Attached files

file filename
8-K - FORM 8-K - Total Sports Media, Inc.sttk_8k.htm
EX-10.1 - AMENDMENT - Total Sports Media, Inc.sttk_ex101.htm
EX-10.2 - AMENDMENT - Total Sports Media, Inc.sttk_ex102.htm
EXHIBIT 3.1
 
Certificate of Designation of Series B Preferred Stock
of
StreamTrack, Inc.
 
StreamTrack, Inc., a Wyoming corporation (the “Corporation”), does hereby make this Certificate of Designation and does hereby state and certify that pursuant to the authority expressly vested in the Board of Directors of the Corporation by the Articles of Incorporation of the Corporation, the Board of Directors, without any shareholder action, which action was not required to be taken, duly adopted the following resolutions, which resolutions remain in full force and effect as of the date hereof:

RESOLVED, that, pursuant to Article Three of the Articles of Incorporation of the Corporation, the Board of Directors hereby authorizes the issuance of, and fixes the designation of preferences and relative, participating, optional, and other special rights, qualifications, limitations and restrictions, of a series of Preferred Stock consisting of two hundred thousand (200,000) shares, $0.0001 par value, to be designated “Series B Preferred Stock”.

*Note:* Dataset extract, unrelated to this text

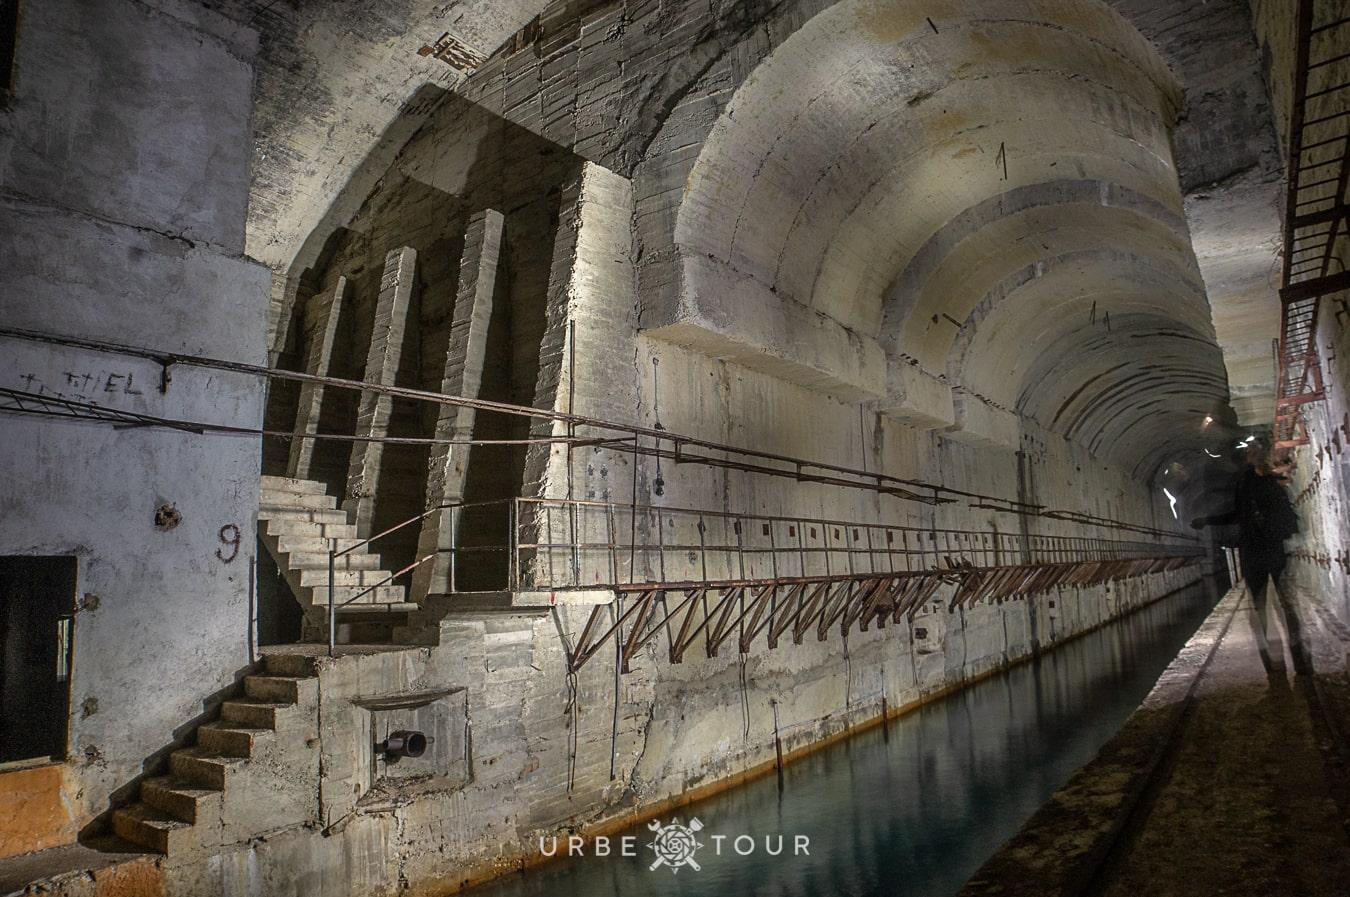 porto-palermo-submarine-base-albania-4-1 Подземная база для подводных лодок в Порто Палермо, Албания

RESOLVED, that each share of the Series B Preferred Stock shall rank equally in all aspects and shall be subject to the following terms and provisions:

1.           Designation and Number of Shares. There shall be hereby created and established a series of Preferred Stock designated as “Series B Preferred Stock”. The authorized number of shares of Series B Preferred Stock shall be 200,000. Capitalized terms used herein and not otherwise defined shall have the meanings set forth in Section 9 below.

2.           Rank. The Series B Preferred Stock shall with respect to distributions of assets and rights upon the occurrence of a Liquidation rank (i) senior to the common stock and Series A Preferred Stock of the Corporation and (ii) senior to each other class or series of Capital Stock of the Corporation hereafter created which does not expressly rank pari passu with or senior to the Series B Preferred Stock (collectively with the common stock, the “Junior Stock”).
 
3.           Dividends. Holders of Series B Preferred Stock shall not be entitled to any dividends on their shares of Series B Preferred Stock.
 
 
1

 

4.           Liquidation Preference.

(a)          Priority Payment. Upon the occurrence of a Liquidation, the holders of shares of Series B Preferred Stock shall be entitled to be paid for each share of Series B Preferred Stock held thereby, out of, but only to the extent of, the assets of the Corporation legally available for distribution to its stockholders, an amount equal to the Stated Value (as adjusted for stock splits, stock dividends, combinations or other recapitalizations of the Series B Preferred Stock) before any payment or distribution is made to any Junior Stock. If the assets of the Corporation available for distribution to the holders of Series B Preferred Stock shall be insufficient to permit payment in full to such holders of the sums which such holders are entitled to receive in such case, then all of the assets available for distribution to holders of the Series B Preferred Stock shall be distributed among and paid to such holders ratably in proportion to the amounts that would be payable to such holders if such assets were sufficient to permit payment in full.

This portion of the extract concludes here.